WHAT IS NEEDED - Beginning at the first line of the data, print each line exactly, stopping after the line that contains "Filemapa Del Departamento".
----- MATERIAL PROVIDED -----
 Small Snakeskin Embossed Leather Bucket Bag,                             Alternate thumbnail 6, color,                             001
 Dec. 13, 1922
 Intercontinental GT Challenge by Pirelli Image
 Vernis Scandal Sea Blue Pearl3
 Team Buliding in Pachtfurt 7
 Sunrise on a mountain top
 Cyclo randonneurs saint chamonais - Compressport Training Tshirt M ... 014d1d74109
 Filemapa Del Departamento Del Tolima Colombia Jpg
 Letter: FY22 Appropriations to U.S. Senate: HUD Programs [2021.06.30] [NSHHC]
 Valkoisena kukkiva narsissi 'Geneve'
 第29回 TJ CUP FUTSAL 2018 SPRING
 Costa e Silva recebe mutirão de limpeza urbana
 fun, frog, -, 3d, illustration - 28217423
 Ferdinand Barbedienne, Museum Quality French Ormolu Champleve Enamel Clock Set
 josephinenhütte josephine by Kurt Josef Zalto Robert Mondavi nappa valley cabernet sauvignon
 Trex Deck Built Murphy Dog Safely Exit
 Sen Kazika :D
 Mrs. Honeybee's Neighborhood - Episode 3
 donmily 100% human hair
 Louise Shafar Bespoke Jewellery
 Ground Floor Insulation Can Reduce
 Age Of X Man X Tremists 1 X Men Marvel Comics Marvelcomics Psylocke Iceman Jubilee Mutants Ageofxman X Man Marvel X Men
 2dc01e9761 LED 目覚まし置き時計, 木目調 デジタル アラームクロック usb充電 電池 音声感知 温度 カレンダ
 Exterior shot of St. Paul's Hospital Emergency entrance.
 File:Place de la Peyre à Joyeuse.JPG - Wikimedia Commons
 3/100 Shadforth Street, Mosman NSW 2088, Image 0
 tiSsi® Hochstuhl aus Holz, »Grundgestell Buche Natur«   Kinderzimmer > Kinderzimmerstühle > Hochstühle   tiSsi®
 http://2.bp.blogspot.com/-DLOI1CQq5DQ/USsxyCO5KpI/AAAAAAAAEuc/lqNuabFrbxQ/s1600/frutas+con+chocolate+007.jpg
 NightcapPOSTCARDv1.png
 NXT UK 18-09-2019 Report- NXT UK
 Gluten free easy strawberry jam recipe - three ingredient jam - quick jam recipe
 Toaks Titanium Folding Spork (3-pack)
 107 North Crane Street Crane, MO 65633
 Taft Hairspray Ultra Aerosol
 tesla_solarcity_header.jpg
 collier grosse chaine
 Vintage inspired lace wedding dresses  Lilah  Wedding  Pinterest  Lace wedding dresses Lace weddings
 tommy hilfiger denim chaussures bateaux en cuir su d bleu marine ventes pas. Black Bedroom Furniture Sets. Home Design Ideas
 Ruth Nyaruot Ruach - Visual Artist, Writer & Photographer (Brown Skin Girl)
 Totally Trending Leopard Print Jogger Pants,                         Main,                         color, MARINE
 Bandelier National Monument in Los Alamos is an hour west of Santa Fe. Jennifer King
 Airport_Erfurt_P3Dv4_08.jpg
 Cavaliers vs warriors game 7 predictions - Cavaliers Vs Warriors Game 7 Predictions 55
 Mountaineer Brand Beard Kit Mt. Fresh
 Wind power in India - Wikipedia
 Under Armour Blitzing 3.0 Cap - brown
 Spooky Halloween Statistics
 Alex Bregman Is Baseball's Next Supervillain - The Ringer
-----
SOLUTION TO THE EXERCISE -
 Small Snakeskin Embossed Leather Bucket Bag,                             Alternate thumbnail 6, color,                             001
 Dec. 13, 1922
 Intercontinental GT Challenge by Pirelli Image
 Vernis Scandal Sea Blue Pearl3
 Team Buliding in Pachtfurt 7
 Sunrise on a mountain top
 Cyclo randonneurs saint chamonais - Compressport Training Tshirt M ... 014d1d74109
 Filemapa Del Departamento Del Tolima Colombia Jpg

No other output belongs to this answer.